Backing up and decrypting are two completely different things.

It makes no sense to decrypt on the gateway, it’s both useless and severely compromises key management. (And even if the gateway had only the network session key, it still couldn’t autonomously reply to a node to maintain and ADR, path, since it has no way of knowing if another gateway still in contact with the network server has been asked to.)

However, if one wants to do a backup on the gateway, then it’s probably necessary to feed the packets to a centralized decryptor which is parallel to that of TTN’s server, because such stale packets are not LoRaWAN-compliant.

Building such is not all that complicated. However the debug tool that got built eventually became it’s own network server

arjanvanb · July 8, 2020, 4:21pm

Very true. But assuming we’re still talking about doing this on the gateway: backing up and forwarding are two completely different things too.

I very much agree.

That’s the same waste of time, I feel.

Only if one has the (OTAA) session keys that were applicable at the time the packets were received, and if one either (intelligently) brute forces the MSB 16 bits of the frame counters or keeps track of the frame counters too. Like I wrote that’s not as easy as one may think, I feel.

cslorabox · July 8, 2020, 8:56pm

My impression is that you can the current ones via an API from TTN, I could be wrong, when I did it while trying to figure out why lorasever was losing session keys I grabbed them from the join accepts since I was able to intercept the backhaul traffic to all gateways, something obviously not the case in TTN.
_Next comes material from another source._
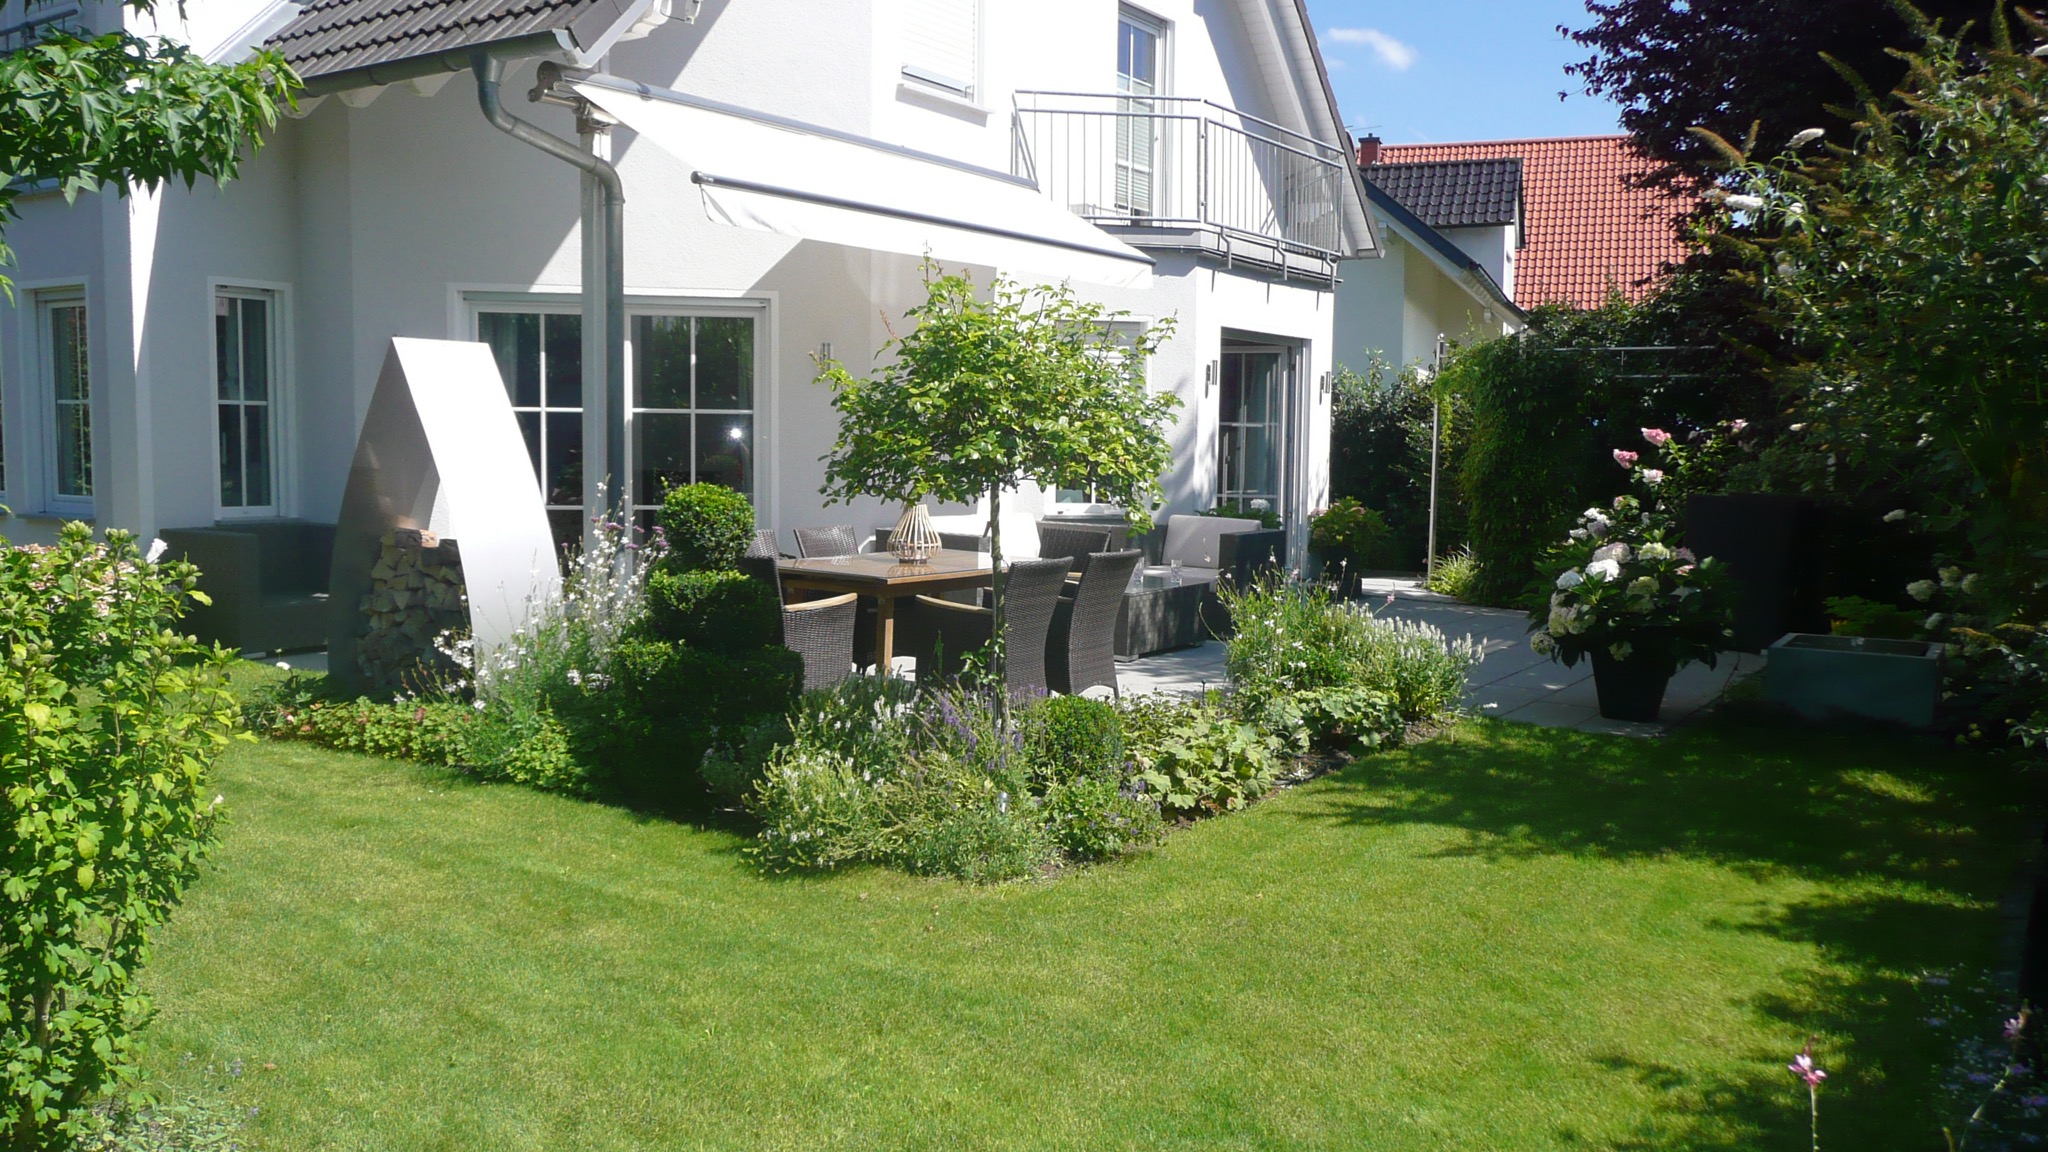 Garten nach Neugestaltung in klassischem Design, Rasenfläche und bepflanzte Beete an der möblierten Terrasse.
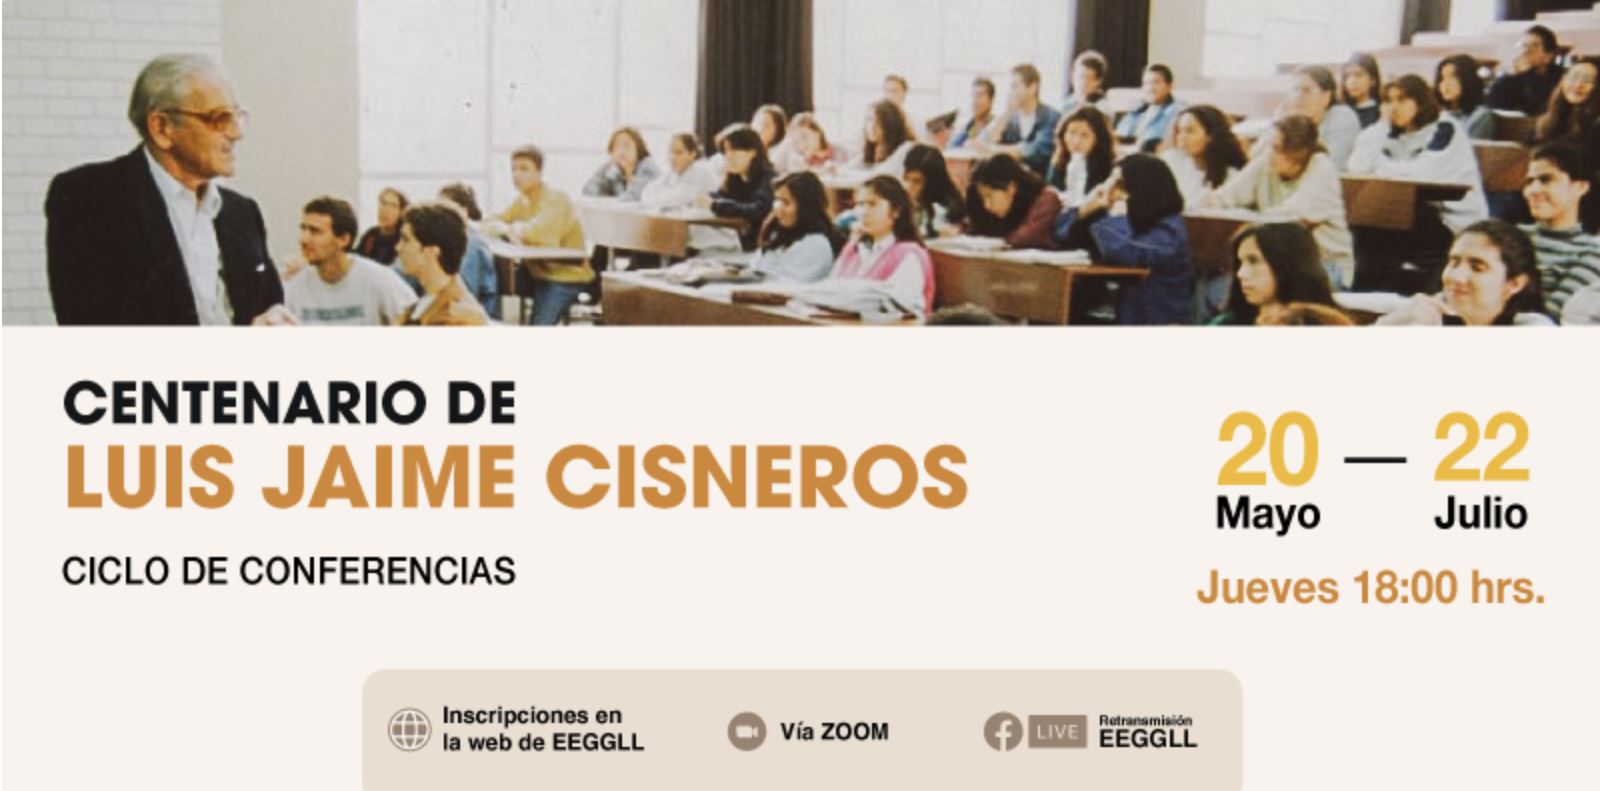 Ciclo de conferencias: Centenario de Luis Jaime Cisneros [videos]

And I think(?) you get an application-level message for a join accept when the keys change, so it’s not like you have to randomly poll for changes.

In a well-functioning network nodes should almost never join anew.

It’s about what a network server normally does - there aren’t that many realistic possibilities {MSB=MSB, MSB=MSB-1, MSB=MSB+1, MSB=0} Like I said, my debug monitor eventually became its own network server since in the end that was the shortest path to the functionality we needed that let us stop fighting the “features” that only caused endless trouble.